▶ _MATERIAL PROVIDED_:
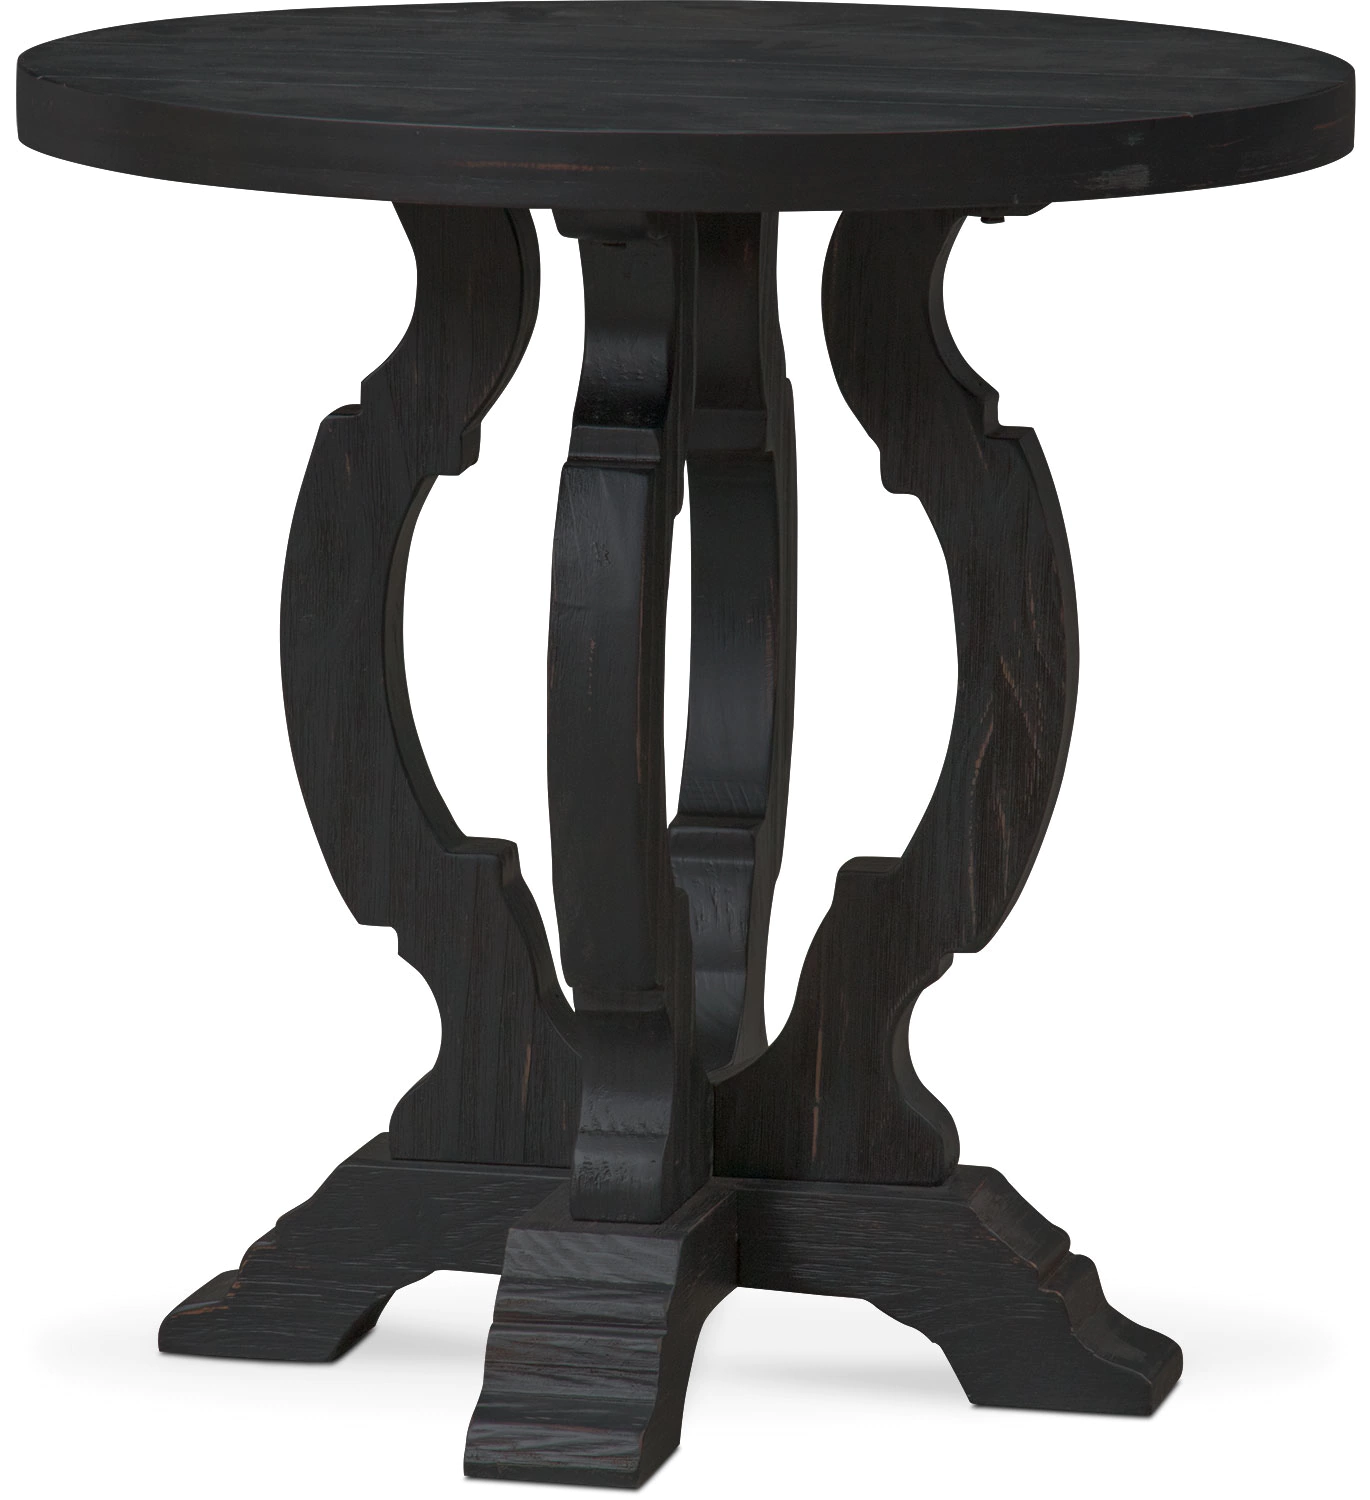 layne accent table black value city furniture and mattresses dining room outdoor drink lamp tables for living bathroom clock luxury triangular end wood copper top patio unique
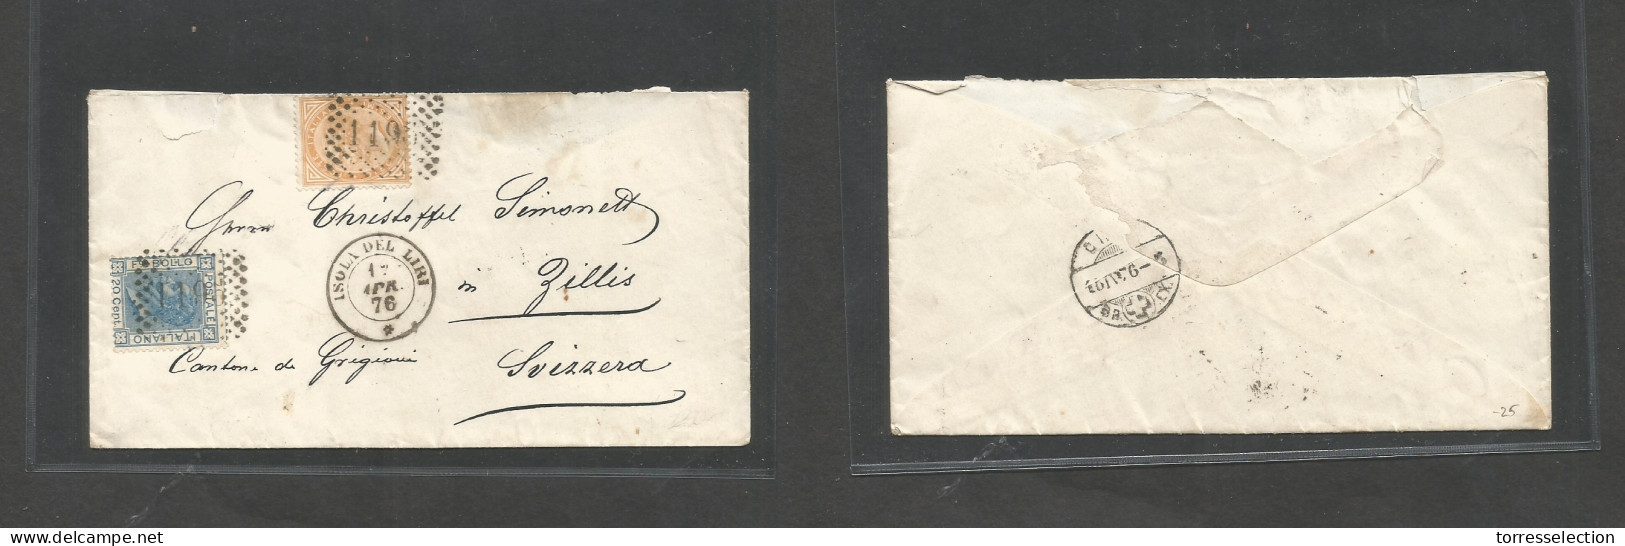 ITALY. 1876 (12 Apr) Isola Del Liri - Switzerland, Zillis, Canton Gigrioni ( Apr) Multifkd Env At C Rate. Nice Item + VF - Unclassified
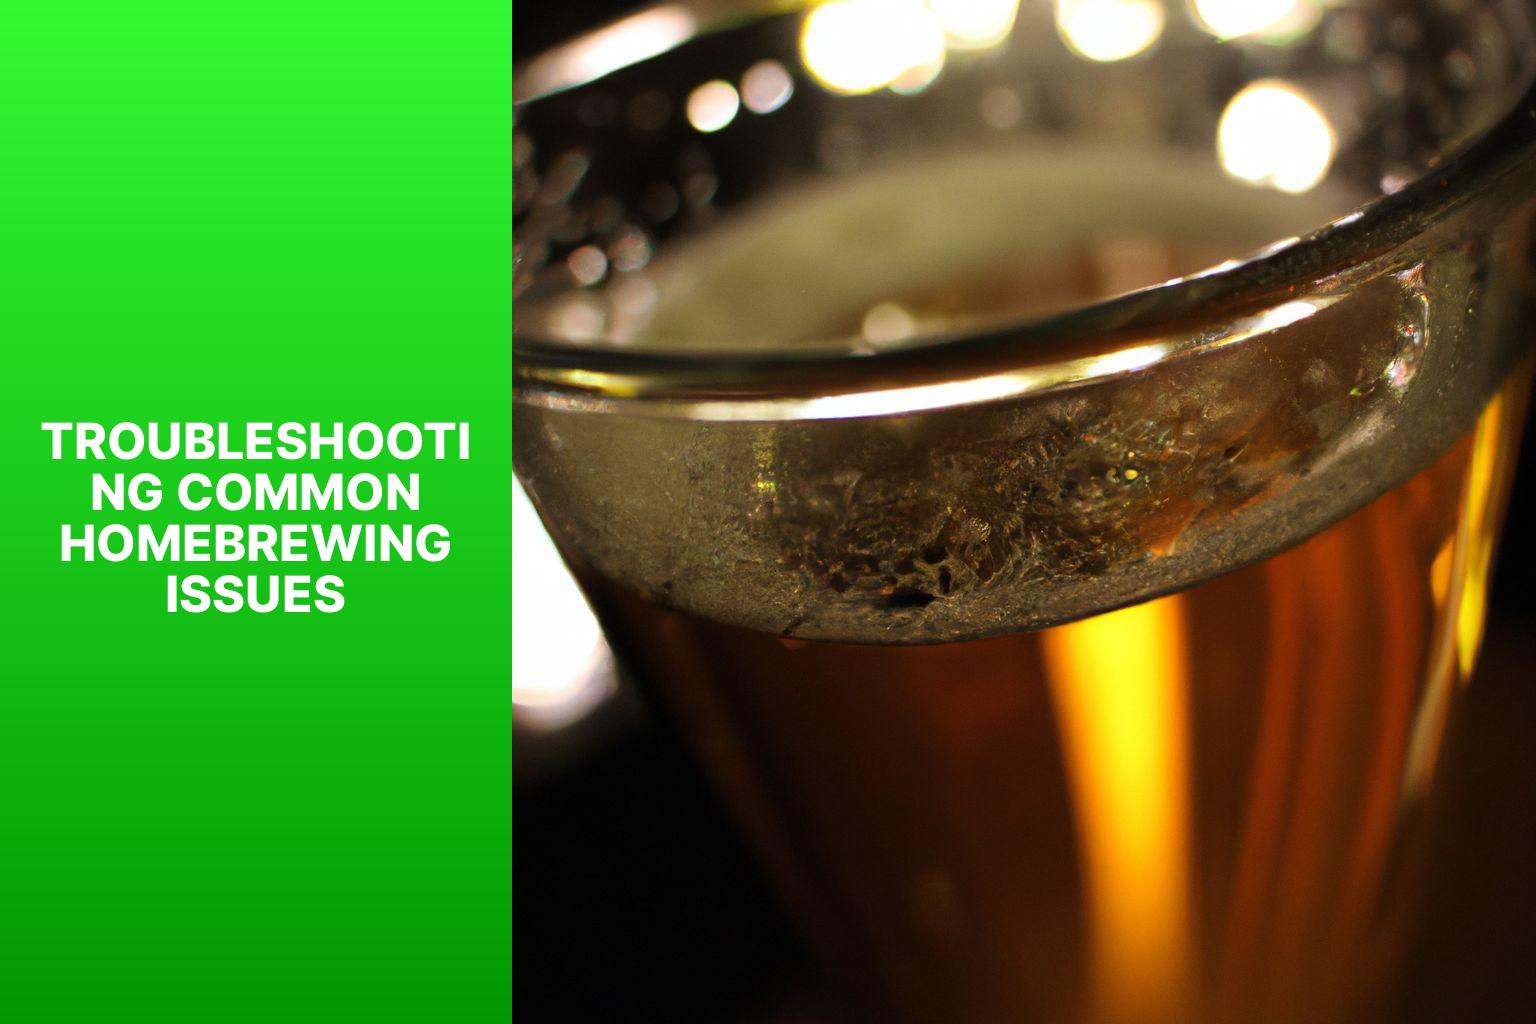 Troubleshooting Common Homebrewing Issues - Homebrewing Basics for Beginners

▶ _INSTRUCTIONS FOR THE TASK_:
Every line between the start of the listing and the line containing "ITALY. 1876 (12", both ends counted, needs to be printed exactly, minus the pictures.

▶ _RESULT OF THIS EXERCISE_:
 layne accent table black value city furniture and mattresses dining room outdoor drink lamp tables for living bathroom clock luxury triangular end wood copper top patio unique
 ITALY. 1876 (12 Apr) Isola Del Liri - Switzerland, Zillis, Canton Gigrioni ( Apr) Multifkd Env At C Rate. Nice Item + VF - Unclassified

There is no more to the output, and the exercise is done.